30-Second Takeaway
- ctDNA status is emerging as a predictive biomarker for adjuvant celecoxib in stage III colon cancer.
- Adjuvant ribociclib plus aromatase inhibition shows durable invasive DFS benefit in HR+/HER2− early breast cancer.
- Perioperative chemo-immunotherapy improves outcomes in resectable gastric/GEJ cancer but increases serious immune toxicity.
- Quantitative imaging and ctDNA MRD tools may enable earlier, more personalized treatment adaptation across solid tumors.
- Shorter neoadjuvant immunochemotherapy courses can match longer regimens in resectable NSCLC, supporting de-escalation in responders.

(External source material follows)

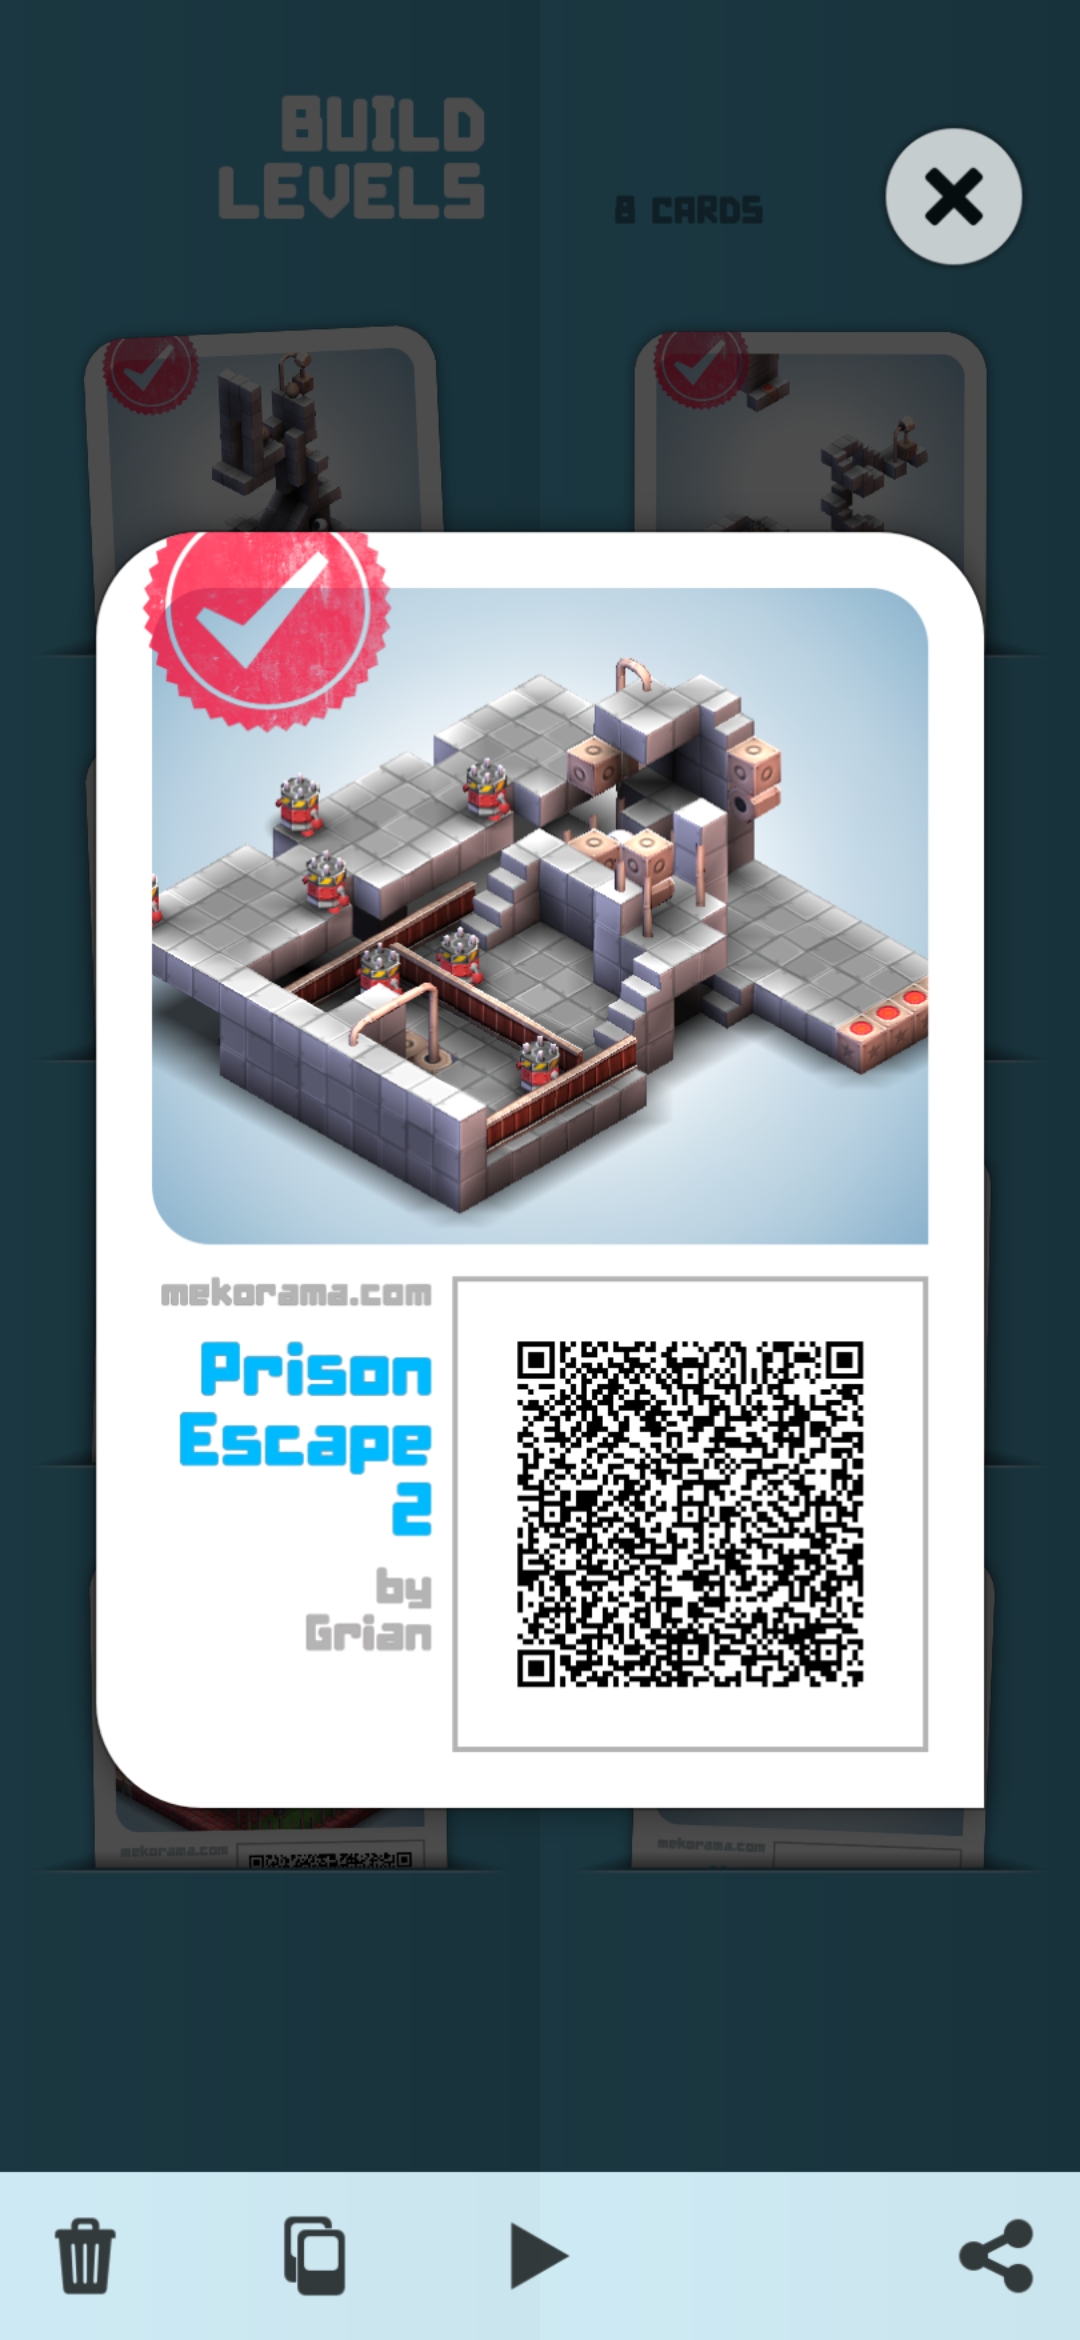 Prison Escape 2

Week ending December 6, 2025
Perioperative systemic therapy and ctDNA-guided strategies reshape solid tumor management
Postoperative ctDNA identifies stage III colon cancer patients deriving benefit from adjuvant celecoxib
In this post hoc analysis of CALGB/Alliance/SWOG 80702, 940 stage III colon cancer patients had postoperative ctDNA assessed before adjuvant therapy. ctDNA positivity (18.4% of patients) was strongly prognostic for worse DFS and OS versus ctDNA negativity, with adjusted HRs around 6. In ctDNA-positive patients, adding celecoxib to adjuvant chemotherapy improved DFS (aHR 0.61) and OS (aHR 0.62) versus placebo. In ctDNA-negative patients, celecoxib did not materially improve survival, and treatment-by-ctDNA interaction tests were not statistically significant. These data support ctDNA as a powerful prognostic marker and a candidate predictive biomarker to individualize adjuvant COX-2 inhibition intensity.

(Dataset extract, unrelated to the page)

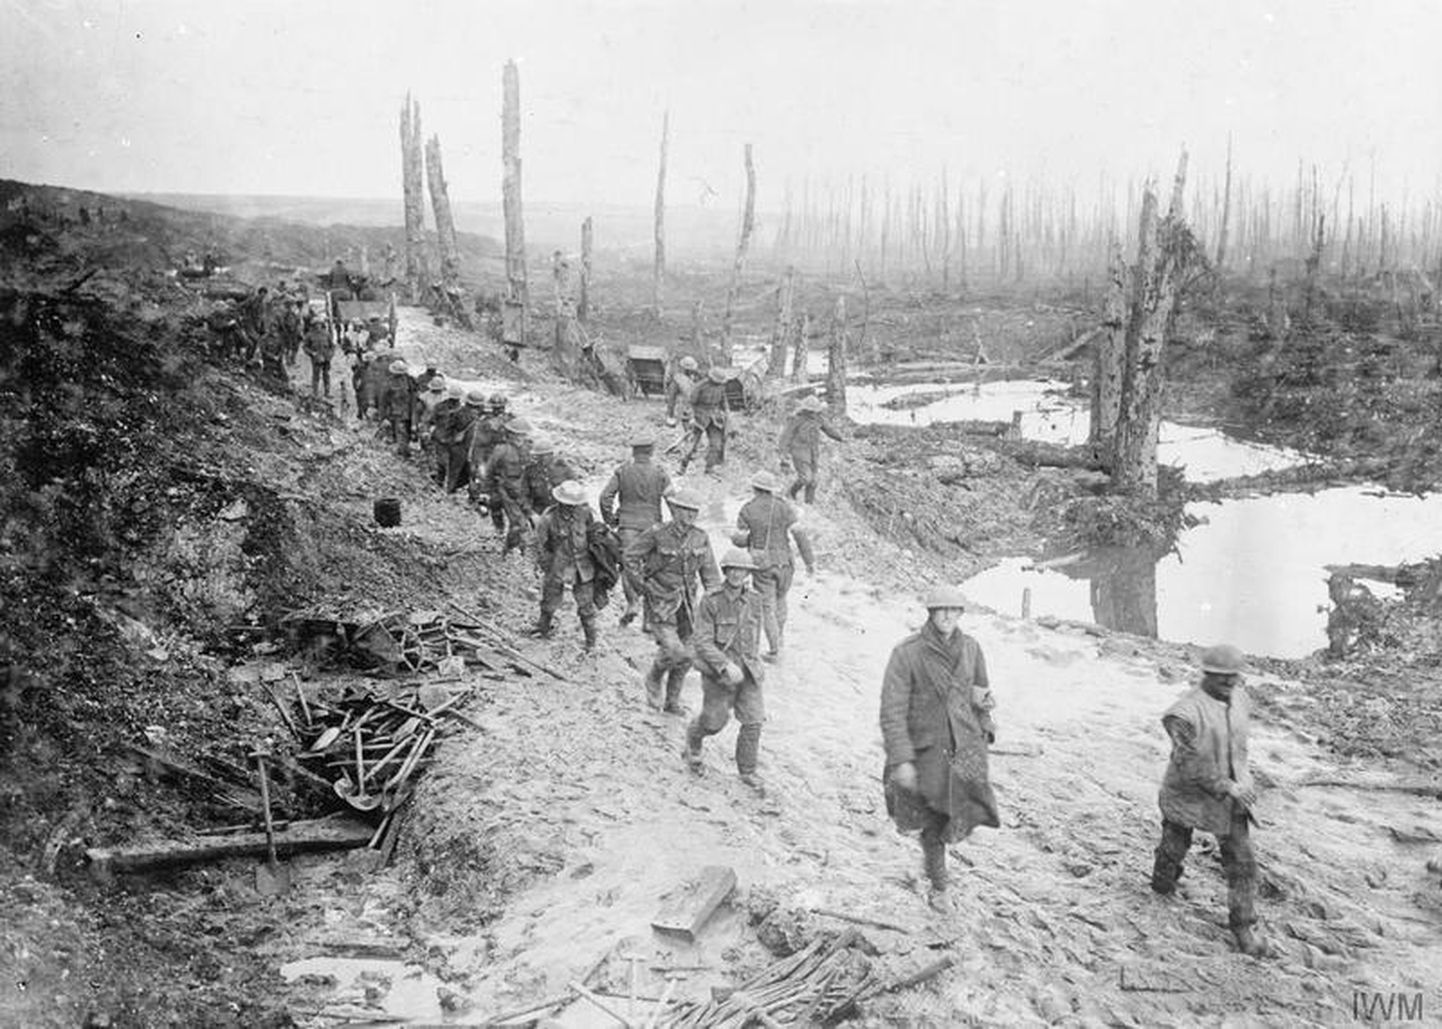 Briti väeüksus Esimese maailmasõja kõige suuremate kaotustega Somme'i lahingu päevil. Väidetavalt moodustasid siis 40% brittide kaotustest sõjaneuroosid. Foto 1916. aasta oktoobrist.

Five-year NATALEE data show durable adjuvant benefit of ribociclib plus NSAI in HR+/HER2− early breast cancer
NATALEE randomized stage IIA–III HR+/HER2− early breast cancer patients to ribociclib plus NSAI versus NSAI alone, with goserelin for premenopausal patients and men. At 55.4 months median follow-up, ribociclib plus NSAI maintained an invasive DFS benefit, HR 0.716 with a growing 5-year absolute difference of 4.5%. Benefit was consistent across key subgroups, including node-negative patients, and across several distant recurrence–focused endpoints. Overall survival showed a numerically favorable trend for ribociclib, HR 0.800, with a nominally significant one-sided P value but immature data. These results support 3 years of adjuvant ribociclib plus endocrine therapy as a risk-reducing option across a broad HR+/HER2− early breast cancer population.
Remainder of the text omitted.